ACTIVITY:
Without the pictures, repeat the listing character for character.

======== SUPPLIED INFORMATION ========

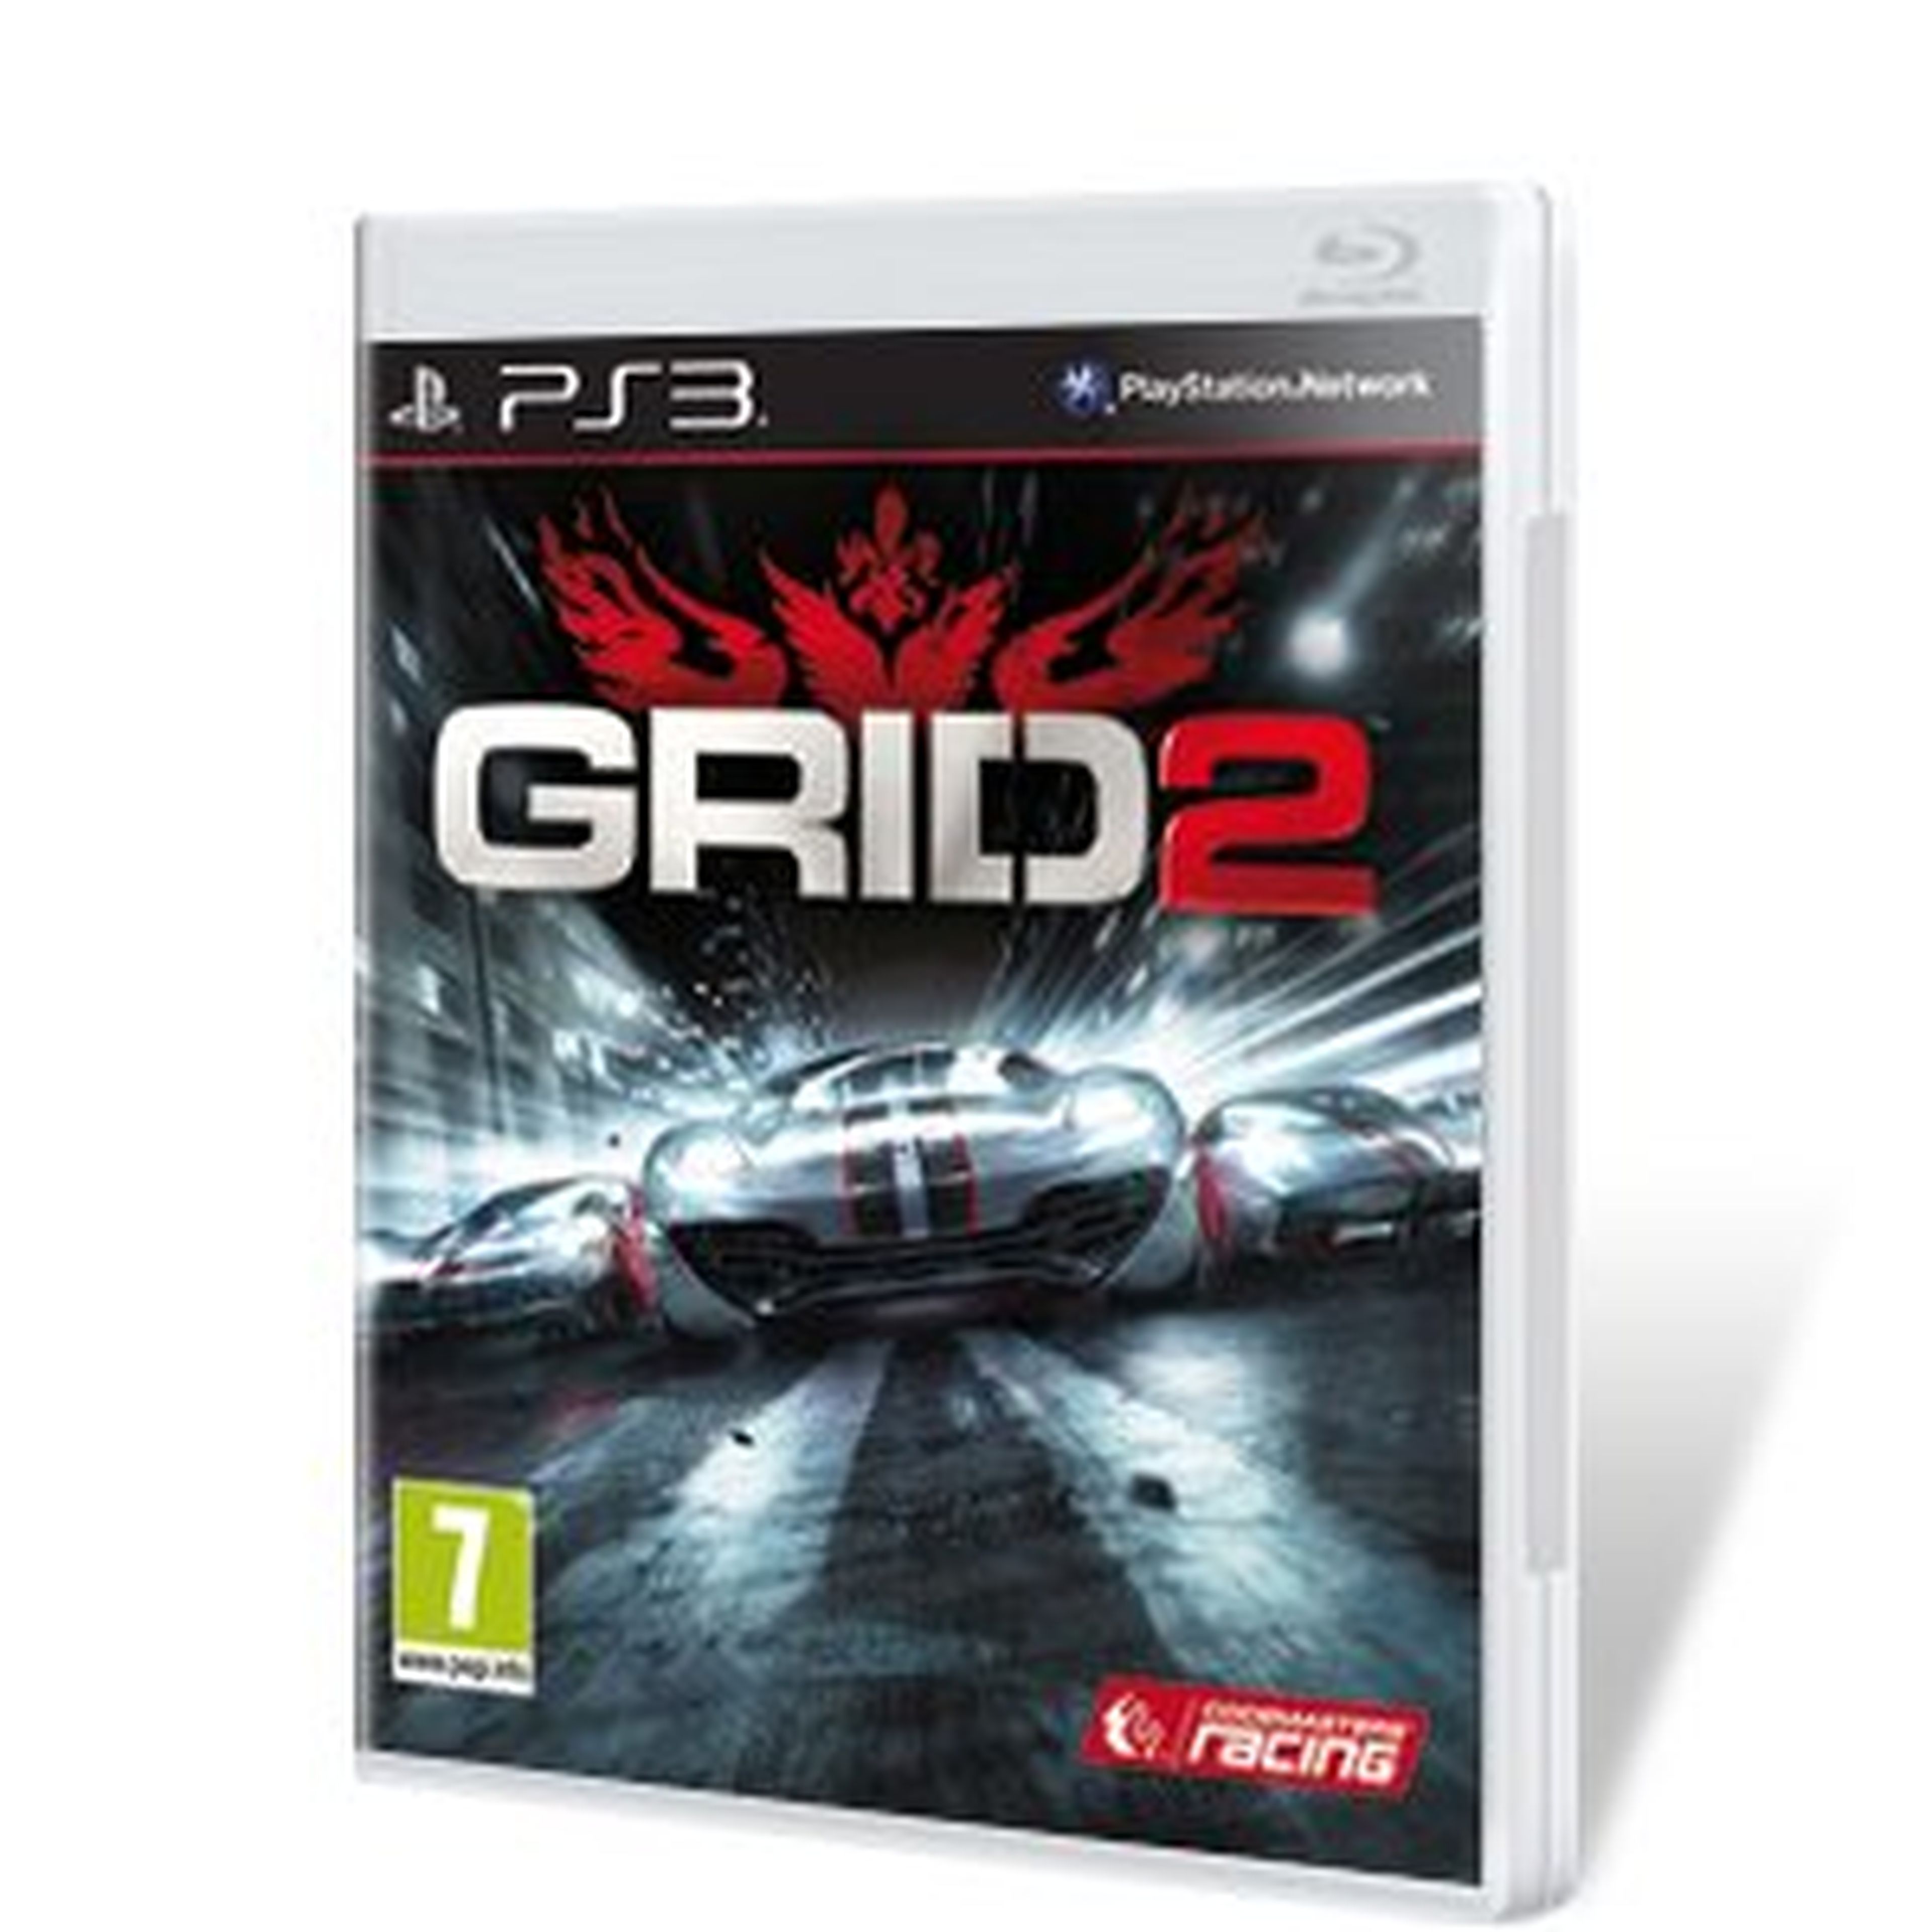 GRID 2 para PS3
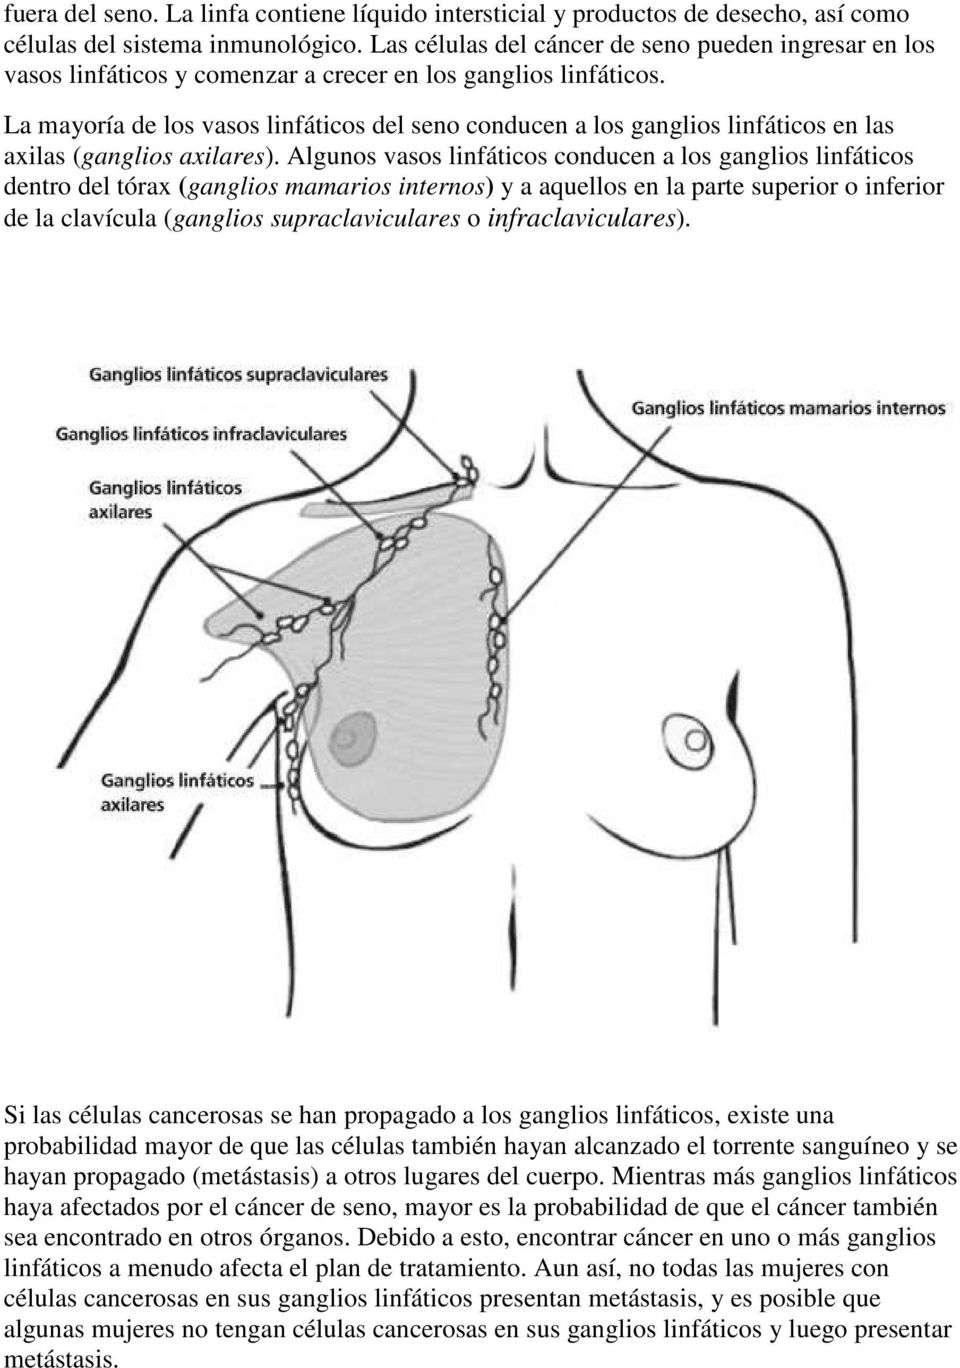 La mayoría de los vasos linfáticos del seno conducen a los ganglios linfáticos en las axilas (ganglios axilares).
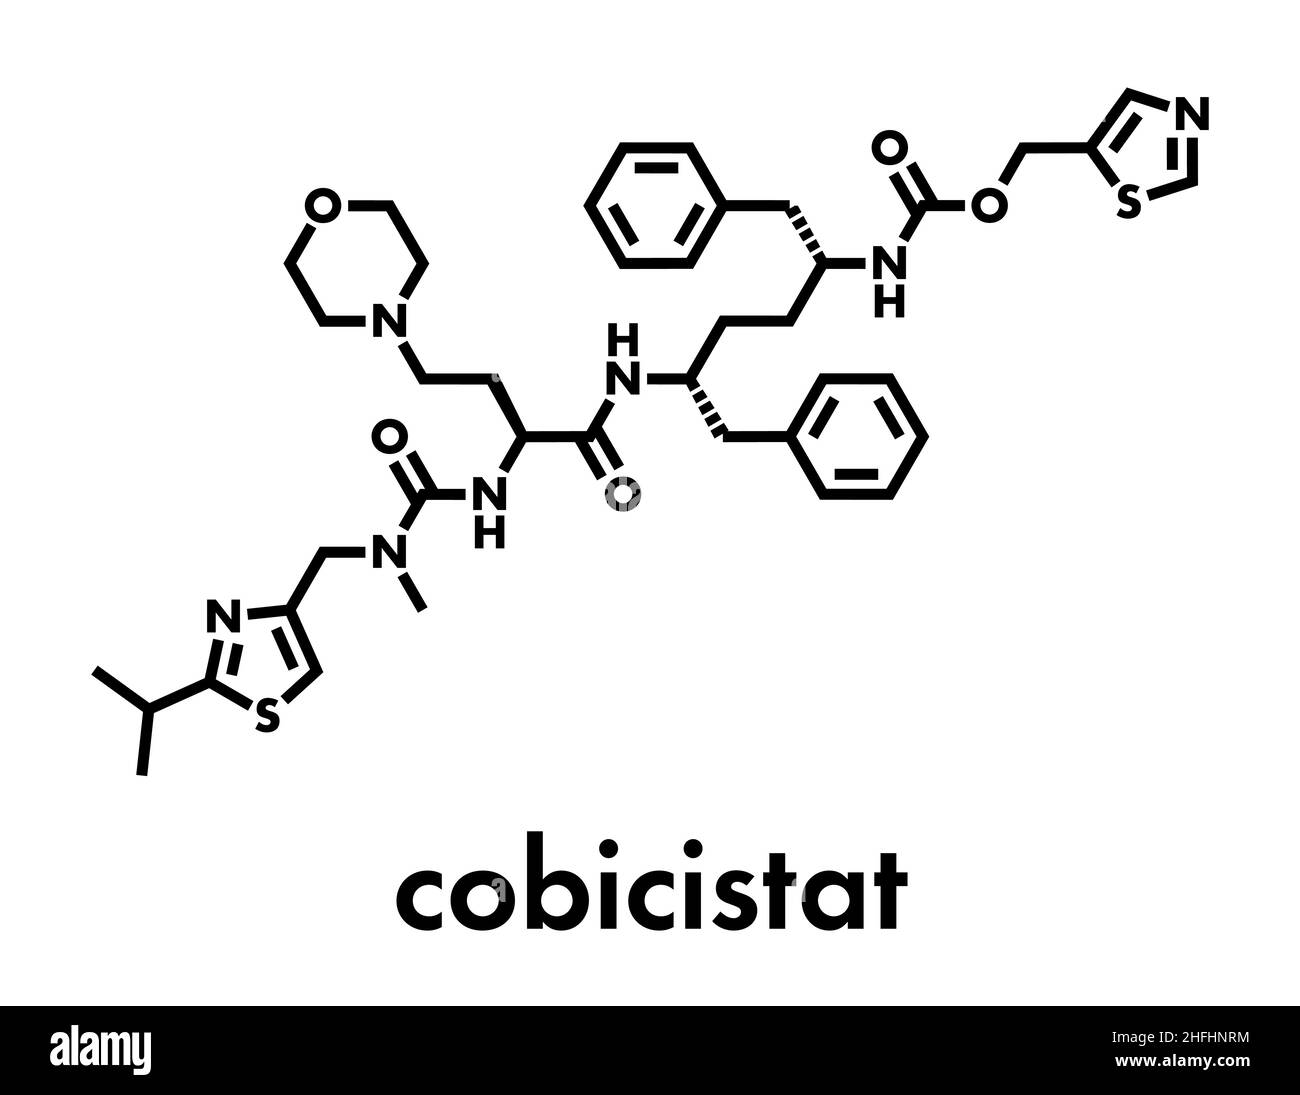 Molecola di farmaco inibitore del citocromo P450 di Cobicistat. Aumenta l'esposizione di vari farmaci HIV inibendo la loro rottura da parte degli enzimi metabolici, comprende Illustrazione Vettoriale

========

FINAL ANSWER:
 GRID 2 para PS3
 La mayoría de los vasos linfáticos del seno conducen a los ganglios linfáticos en las axilas (ganglios axilares).
 Molecola di farmaco inibitore del citocromo P450 di Cobicistat. Aumenta l'esposizione di vari farmaci HIV inibendo la loro rottura da parte degli enzimi metabolici, comprende Illustrazione Vettoriale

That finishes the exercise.